*Collected data:*

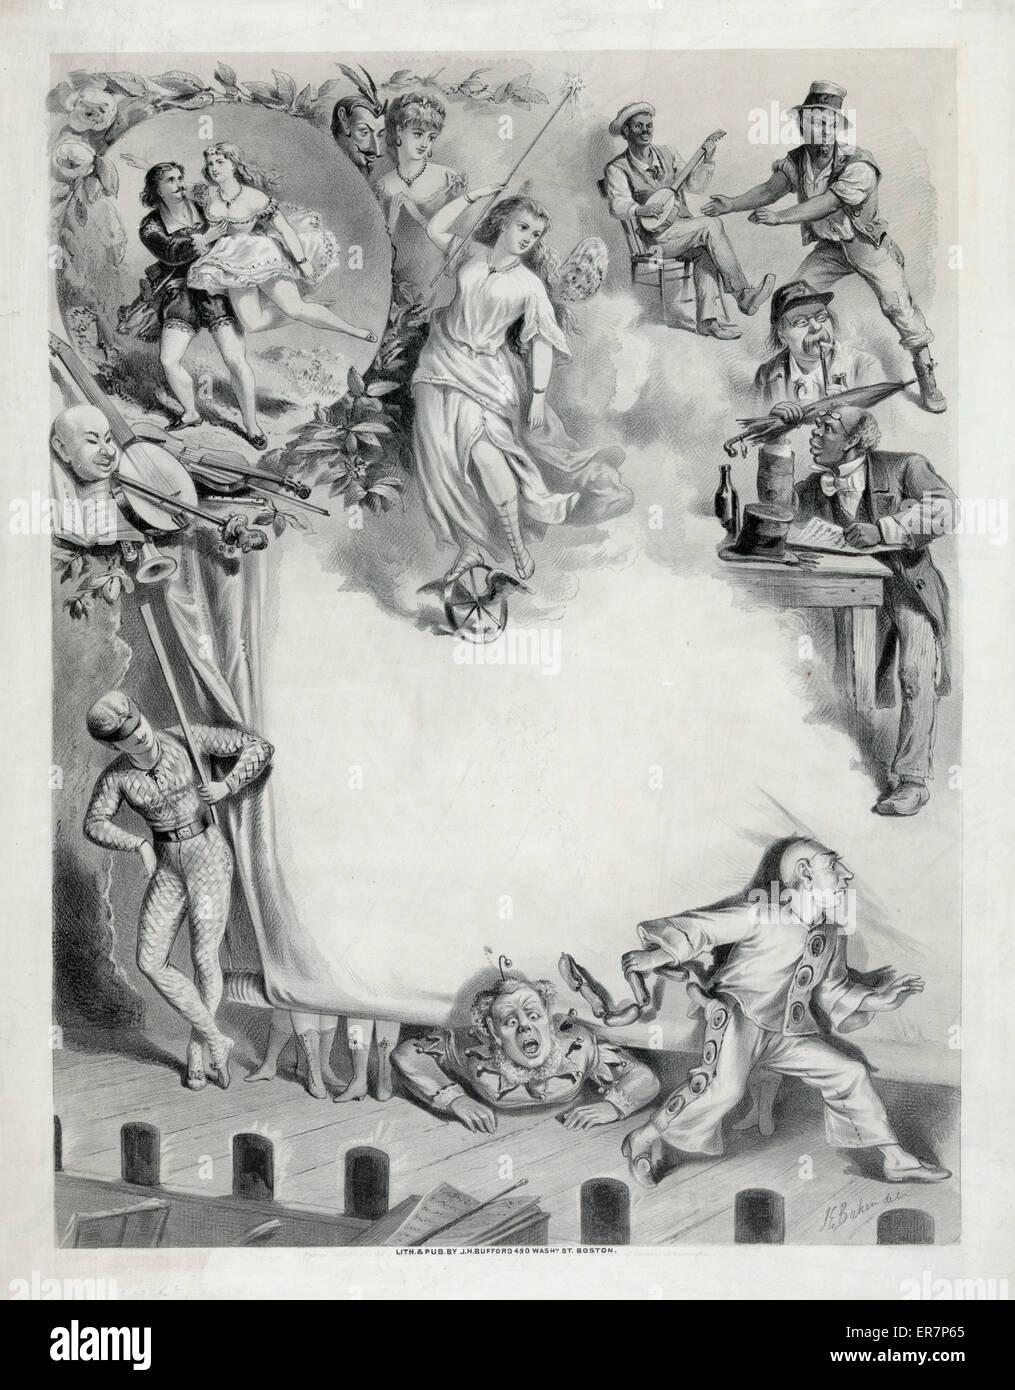 Leere Schautafel mit humorvollen Illustrationen. Datum c1872. Stockbild
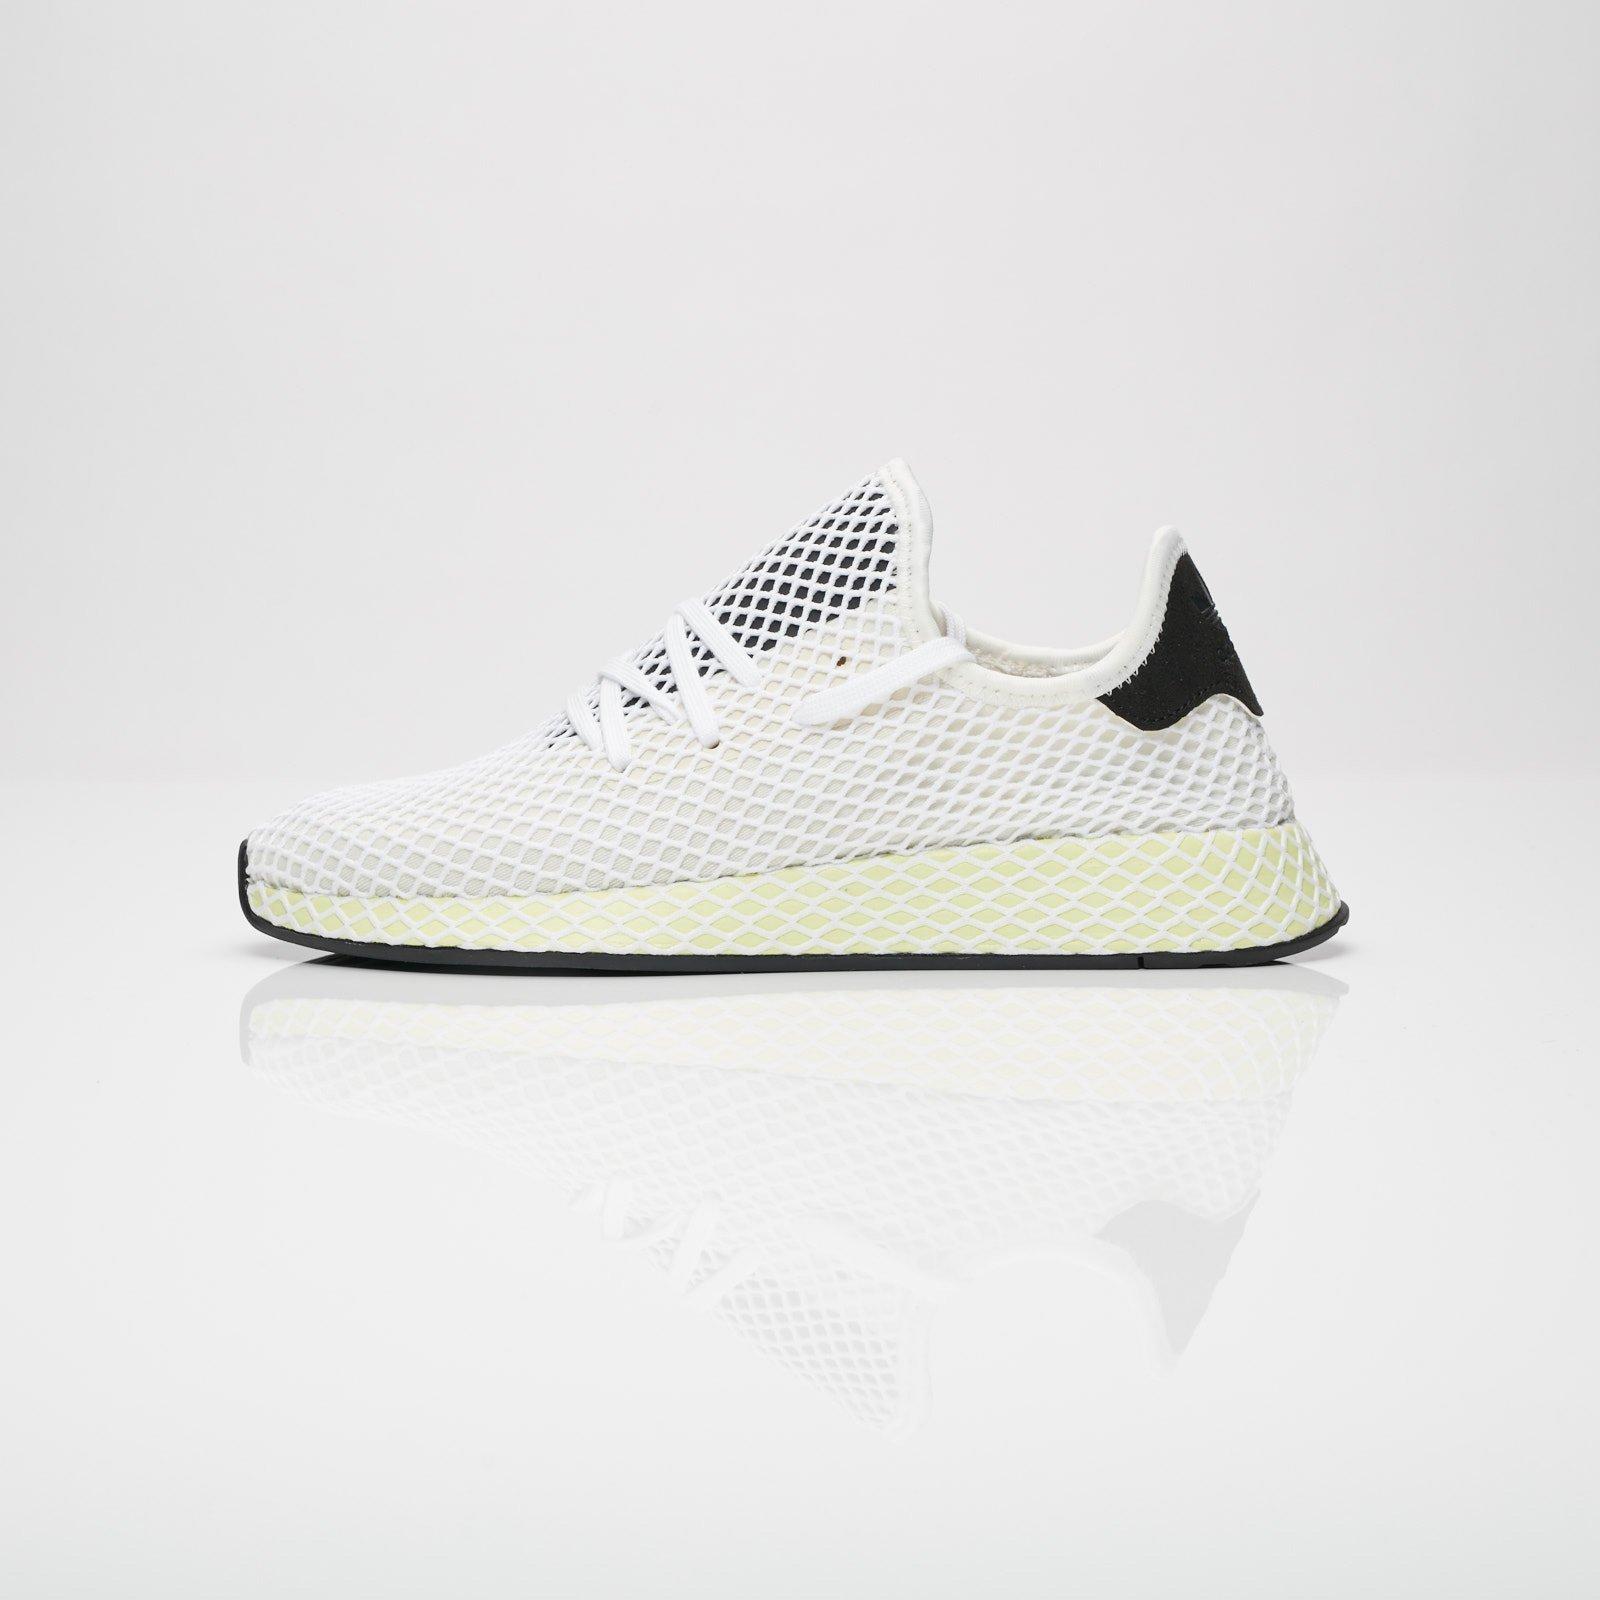 premium selection 4fcd8 57009 adidas Originals Deerupt Runner adidas Originals Deerupt Runner ...
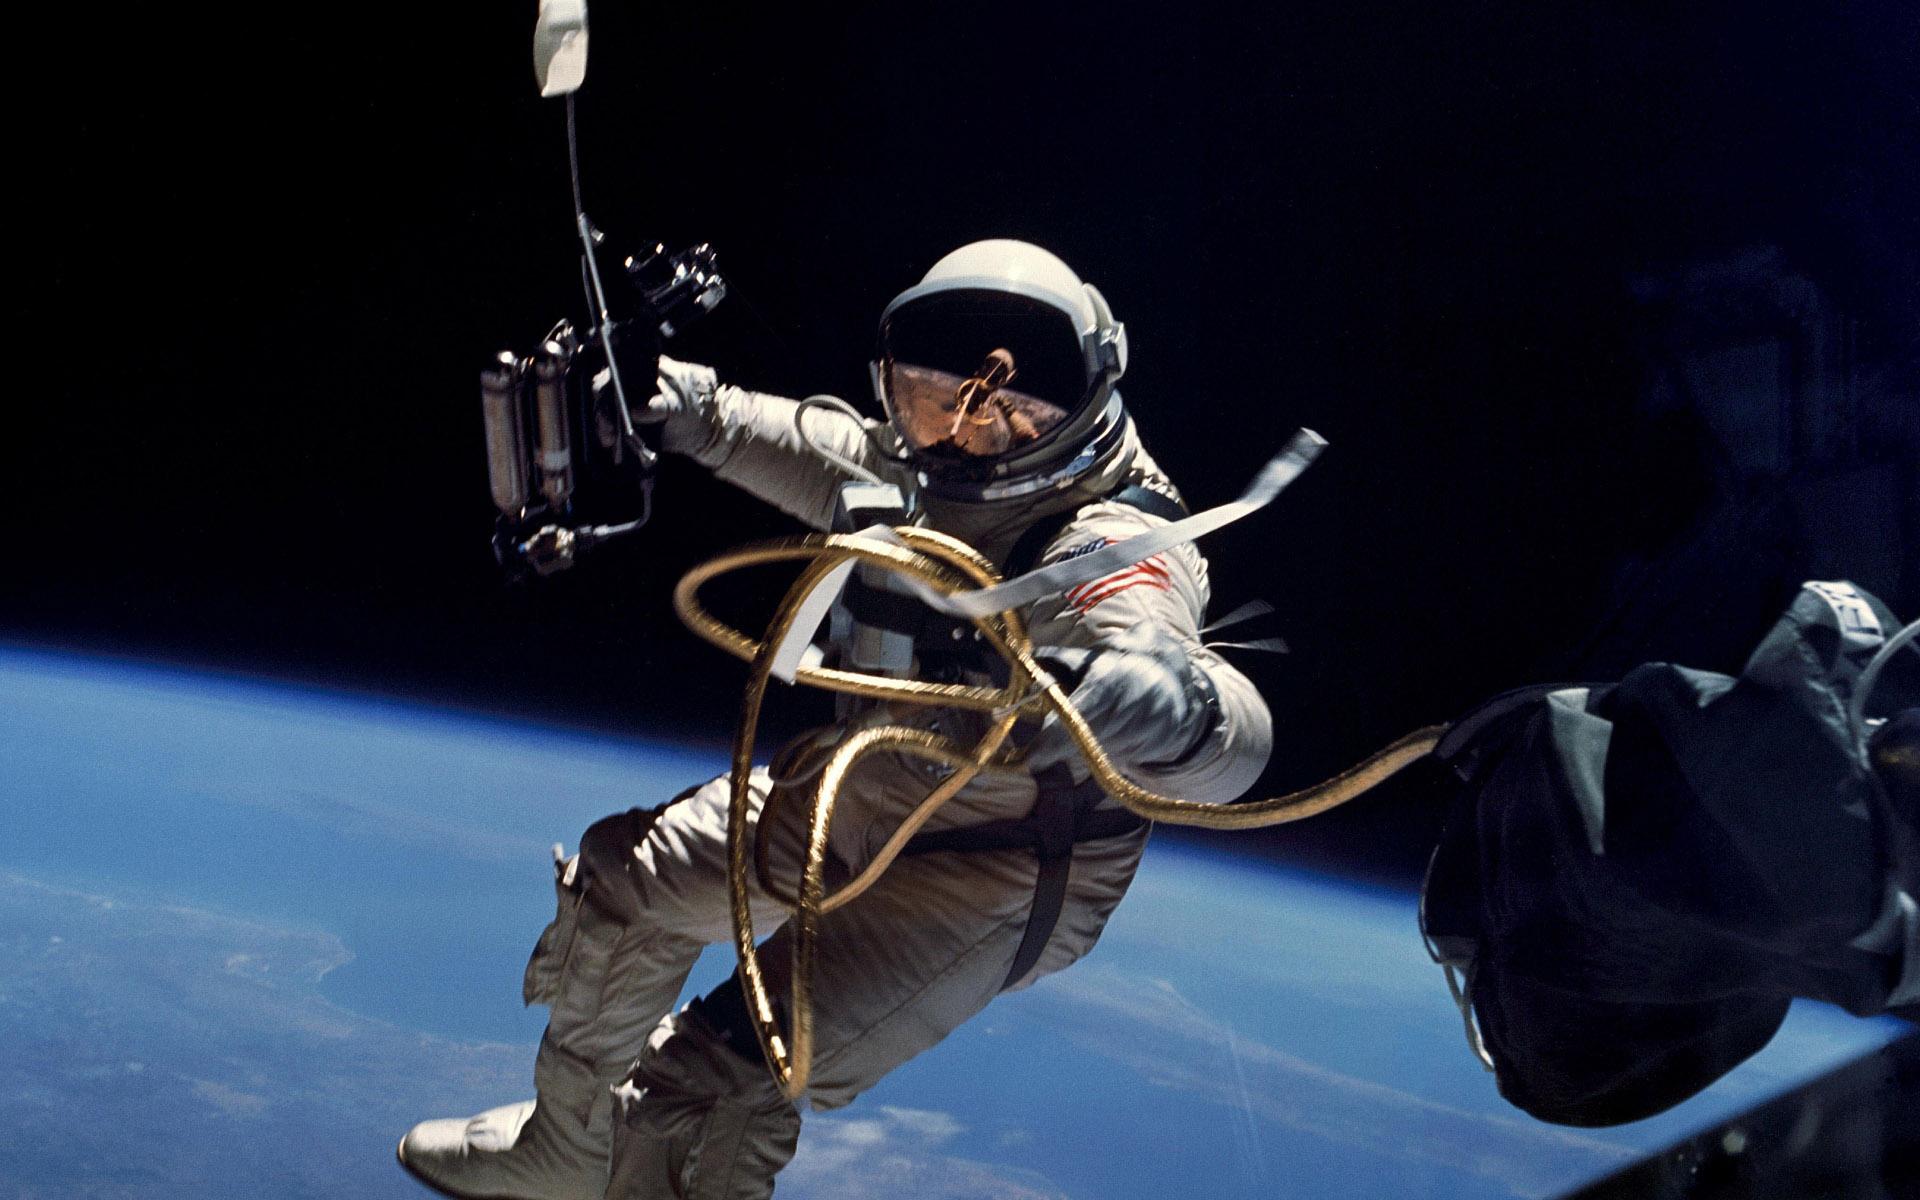 NASA Wallpaper Images Download HD Wallpapers 1920x1200
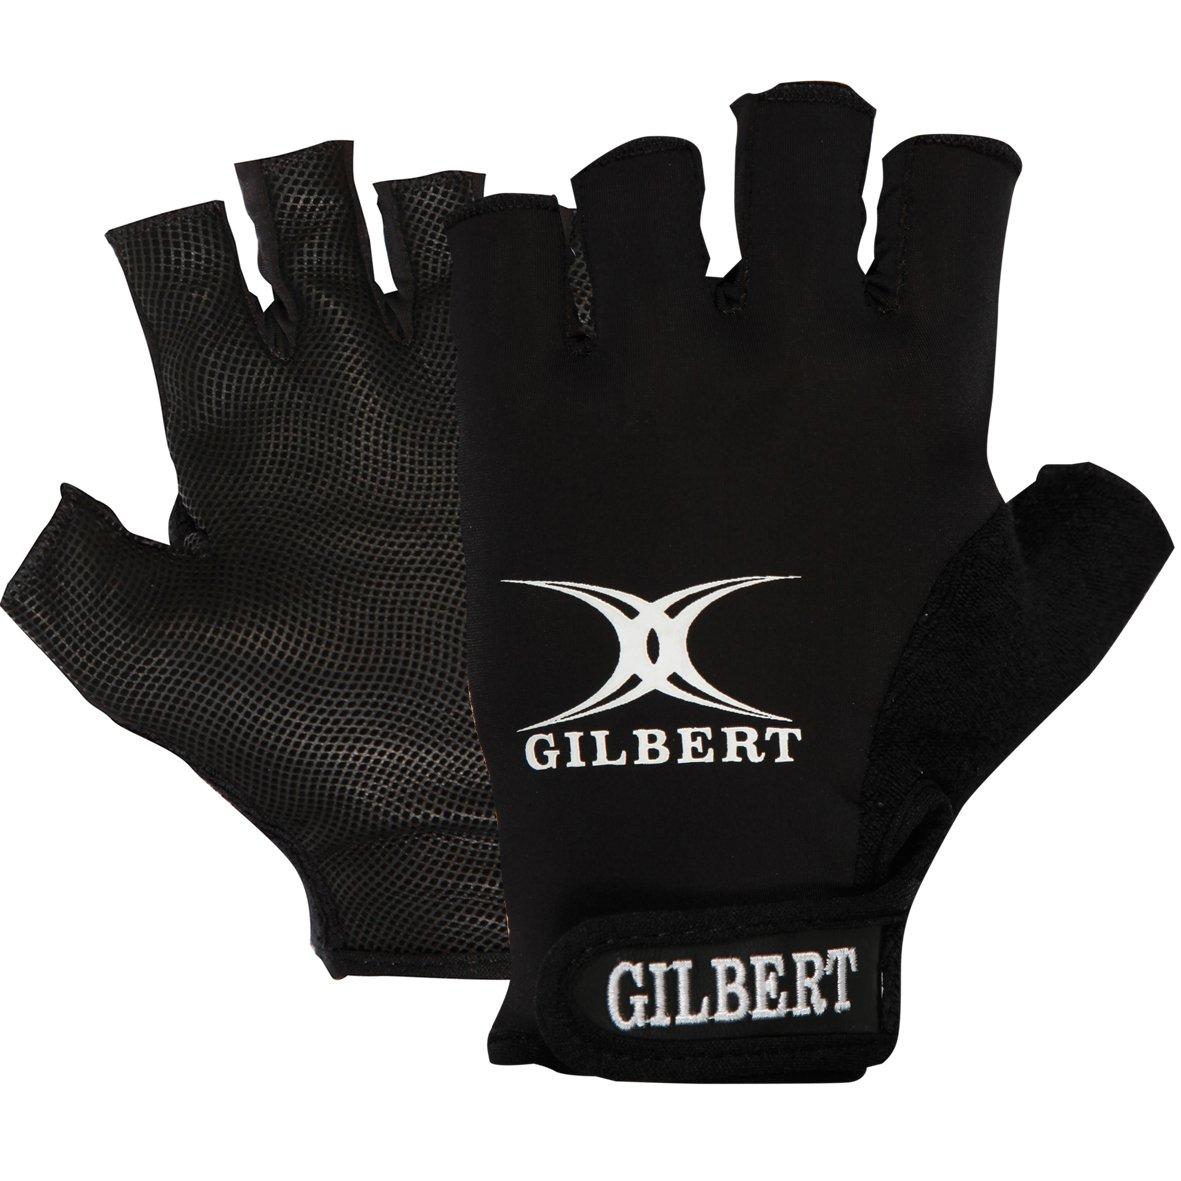 tama/ño S Gilbert Synergie Guantes de rugby para hombre

*Work order:*
Word for word, quote the full listing, omitting every picture.

*Exercise answer:*
 Leere Schautafel mit humorvollen Illustrationen. Datum c1872. Stockbild
 premium selection 4fcd8 57009 adidas Originals Deerupt Runner adidas Originals Deerupt Runner ...
 NASA Wallpaper Images Download HD Wallpapers 1920x1200
 tama/ño S Gilbert Synergie Guantes de rugby para hombre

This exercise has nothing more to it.